RECORDED INFORMATION.

*****

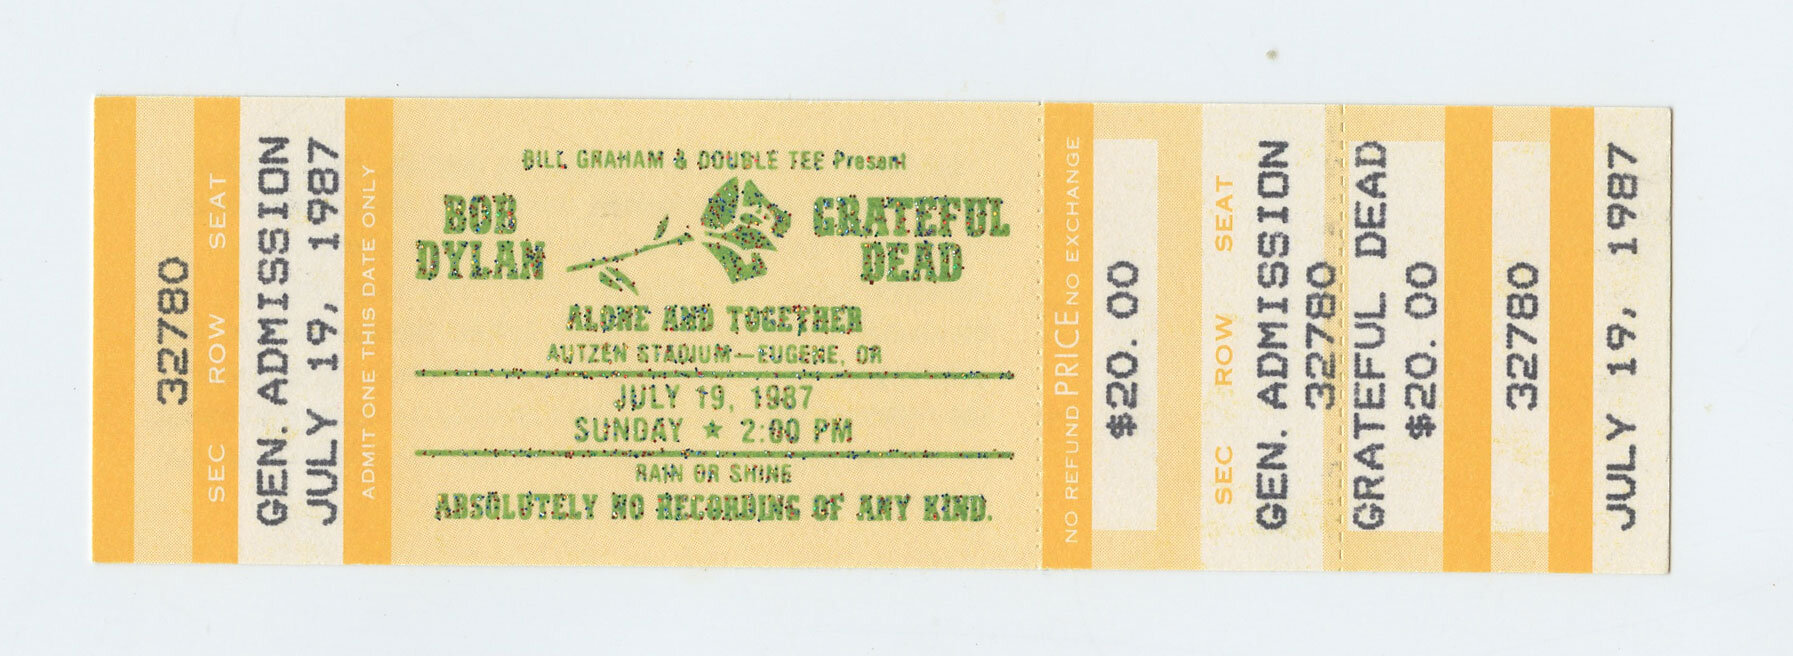 Bob Dylan Vintage Ticket w/ Grateful Dead 1987 Jul 19 Autzen Stadium Eugene OR 
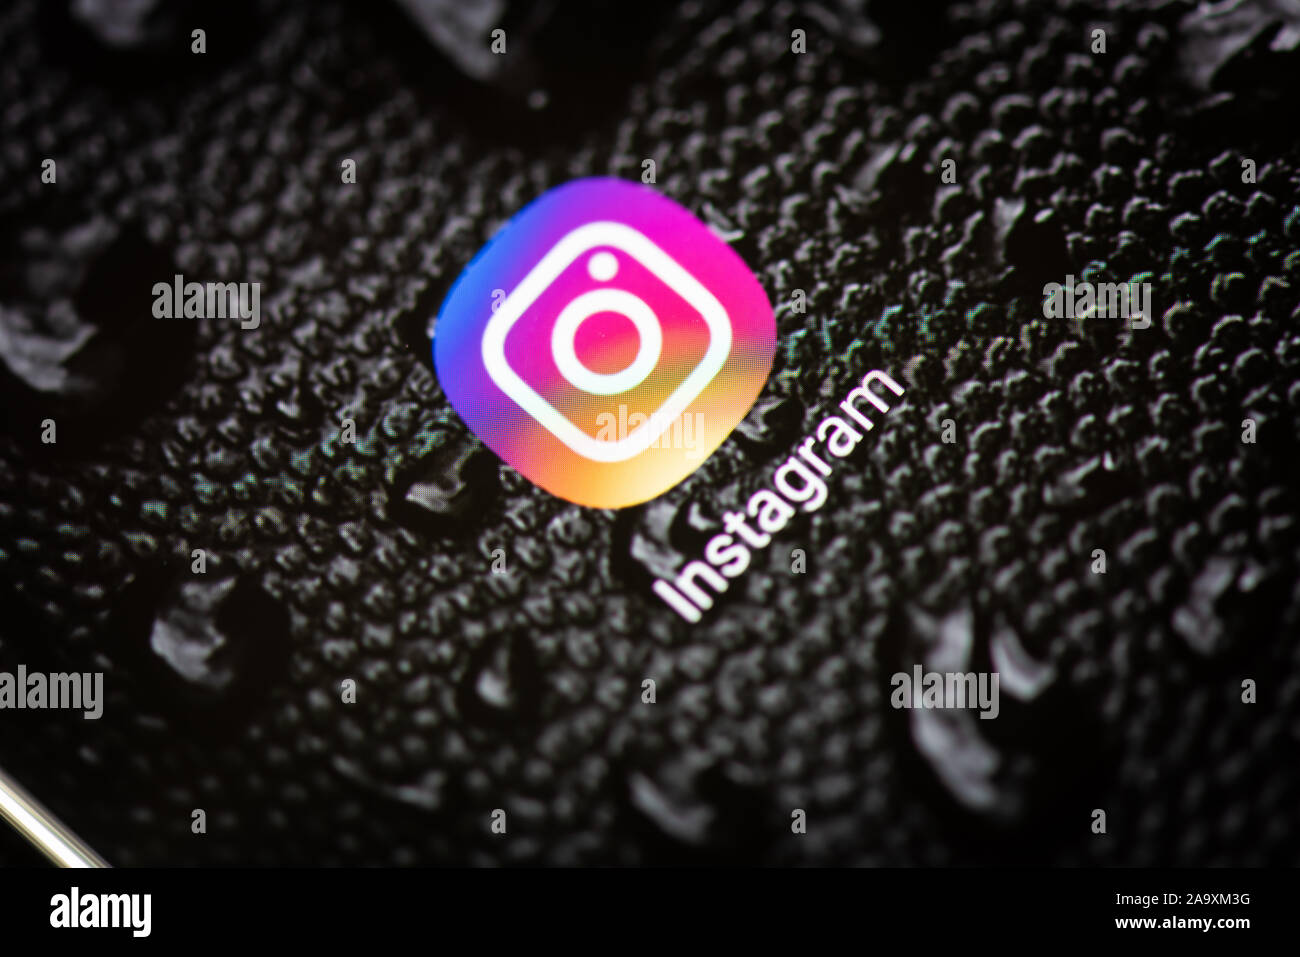 Instagram App trên điện thoại thông minh, thiết bị di động trên nền đen - Instagram Bạn yêu thích chia sẻ cuộc sống của mình với mọi người trên Instagram? Đây là ứng dụng thích hợp cho những người đam mê chụp ảnh và đăng tải trên mạng xã hội. Với giao diện đơn giản và dễ sử dụng, bạn có thể chia sẻ những khoảnh khắc đẹp nhất của mình với mọi người.
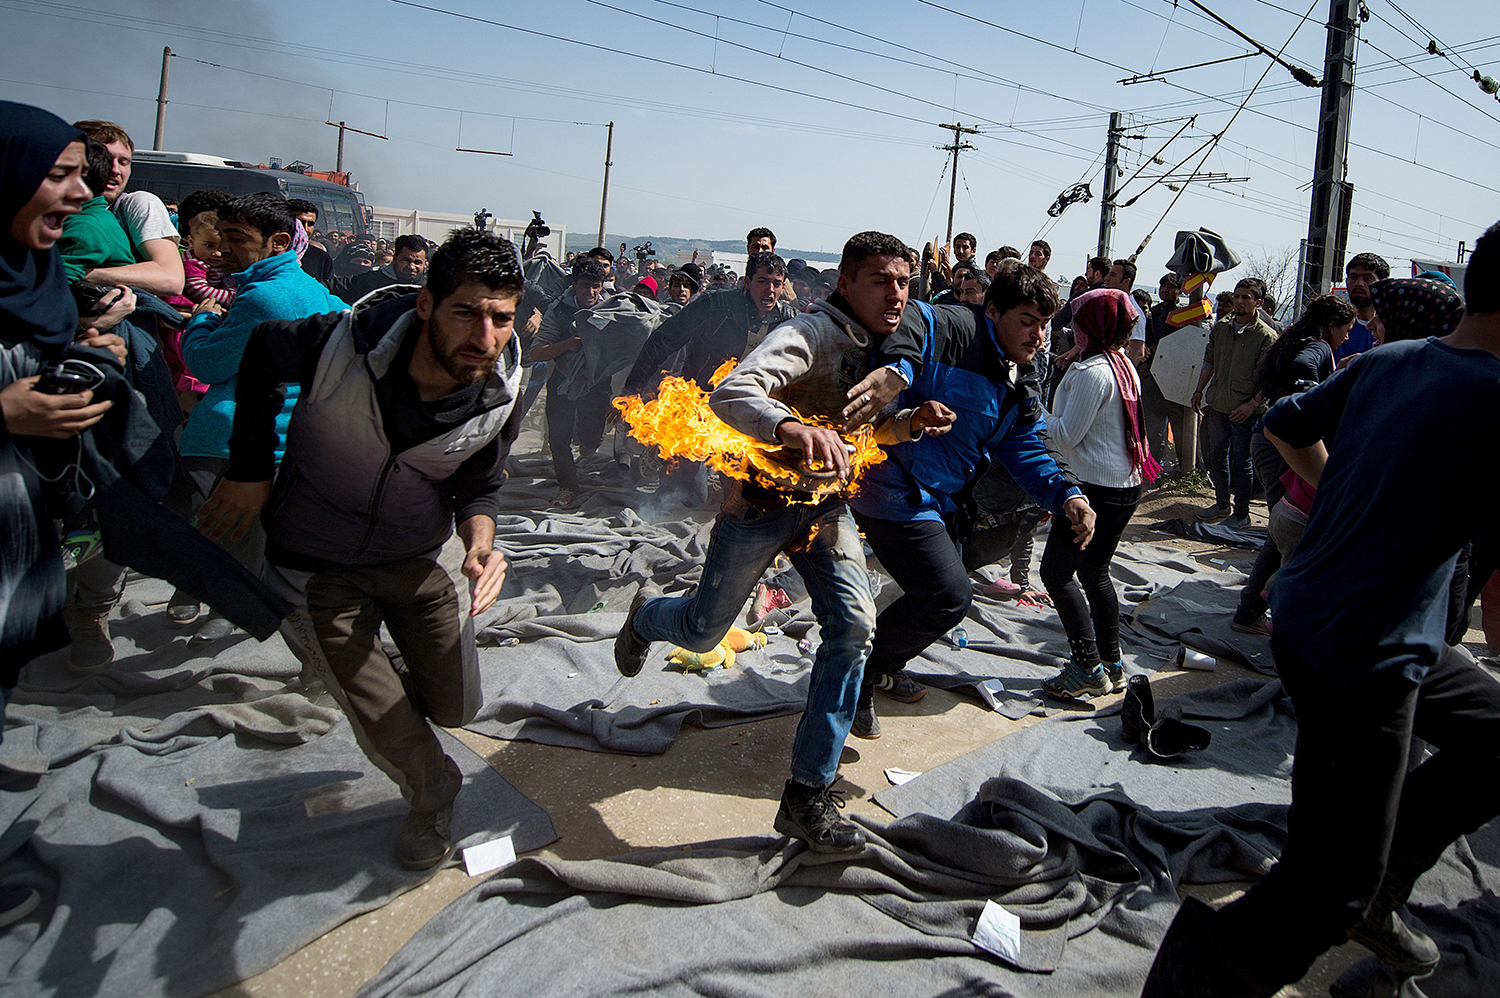 Refugiados se prenden fuego a sí mismos para tratar de cruzar frontera Griega

*****

TASK STATEMENT. Please transcribe the whole listing above exactly, with the images left out.

RESULT.
 Bob Dylan Vintage Ticket w/ Grateful Dead 1987 Jul 19 Autzen Stadium Eugene OR 
 Instagram App trên điện thoại thông minh, thiết bị di động trên nền đen - Instagram Bạn yêu thích chia sẻ cuộc sống của mình với mọi người trên Instagram? Đây là ứng dụng thích hợp cho những người đam mê chụp ảnh và đăng tải trên mạng xã hội. Với giao diện đơn giản và dễ sử dụng, bạn có thể chia sẻ những khoảnh khắc đẹp nhất của mình với mọi người.
 Refugiados se prenden fuego a sí mismos para tratar de cruzar frontera Griega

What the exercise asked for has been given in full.